Wherever the label is attached close to a hydrophobic surface pocket, conformations that place the label inside the pocket might be particularly stable. Such a fixed conformation would give a very different distance distribution than models assuming a flexible spin label. Identifying such a pocket would be key to correctly interpreting PELDOR data and avoiding “identifying” a conformational change where none occurred. As a possible solution to this problem, mtsslWizard sums the number of atoms that reside outside the vdW cutoff of a non-clashing conformation but are still within a 4.5 Å sphere around the same label conformation. We then use the number of these contacts as a surrogate for fit to the protein surface. The conformation with the highest number of such contacts is flagged as a “snuggly fit”, as are all those conformations that have at least 75% of this maximum value (see Spa15 example, below). The “snuggly fit” algorithm is only activated when the program runs with the thoroughness set to “painstaking” since otherwise the conformational space is not sampled well enough for this feature to work properly. We would like to stress that the “snuggly fit” algorithm merely flags up possibilities for the scientist to further investigate.

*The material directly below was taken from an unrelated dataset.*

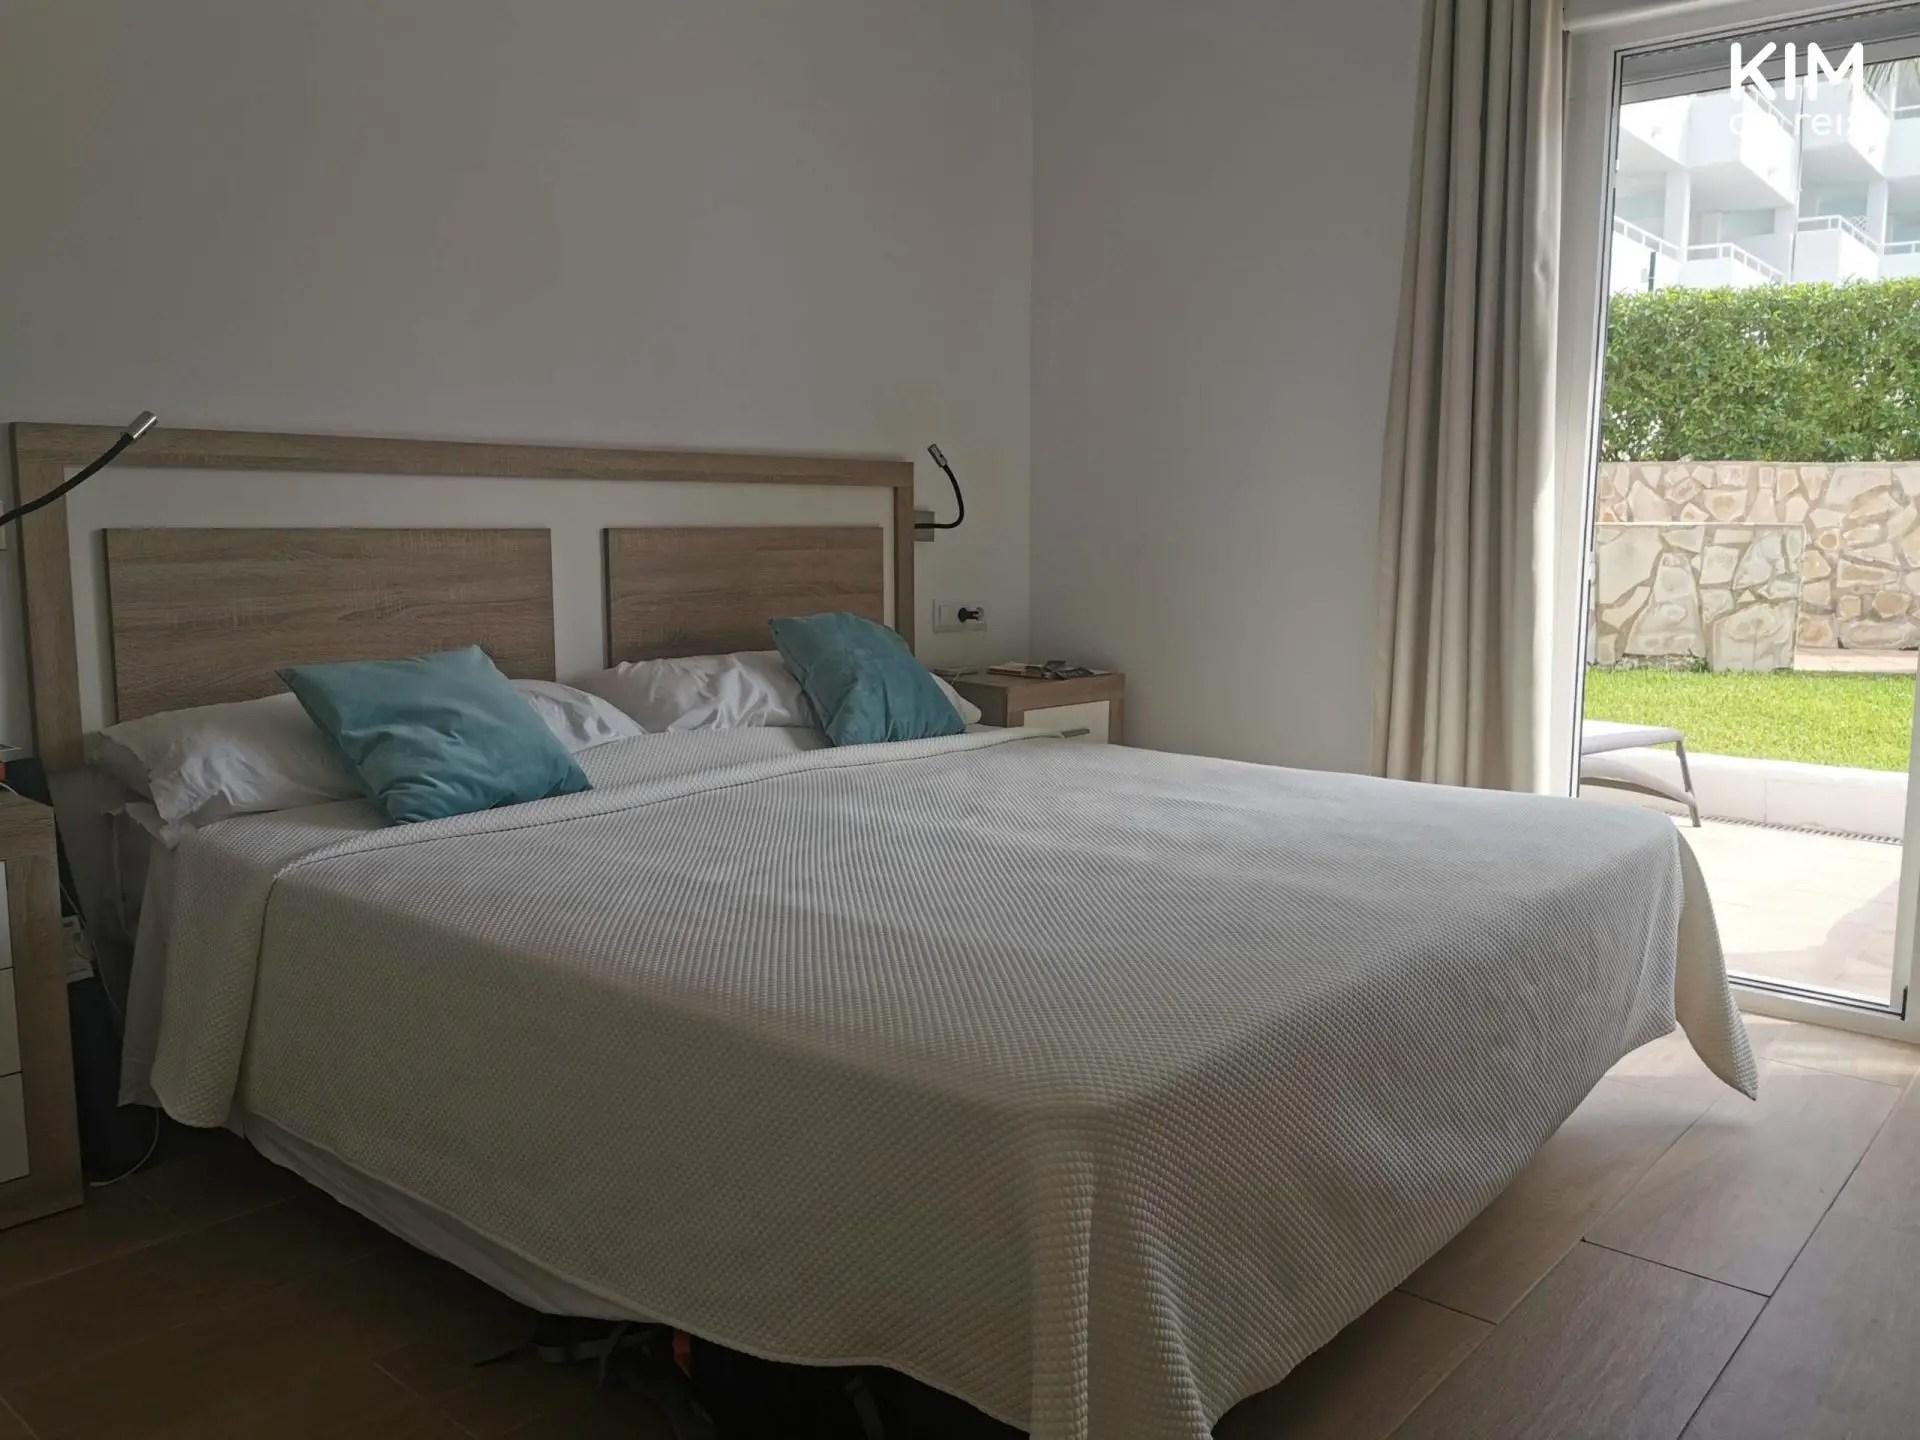 Slaapkamer Torrent Ibiza - eenvoudige slaapkamer in cremetint

MtsslWizard was initially designed as a tool to assist in the selection of labeling sites for PELDOR experiments. The program gives the user an immediate idea if a planed labeling site is too occluded for the attachment of MTSSL and if the distance between two planed labeling positions will fall into the PELDOR window of 15–80 Å. Furthermore, we found that the program is very useful to interpret PELDOR data if two or more models for a protein structure are available. In this case, a comparison of the experimental distance distributions with the in silico data can often help to decide which of the available models shows the best agreement with the experimental data.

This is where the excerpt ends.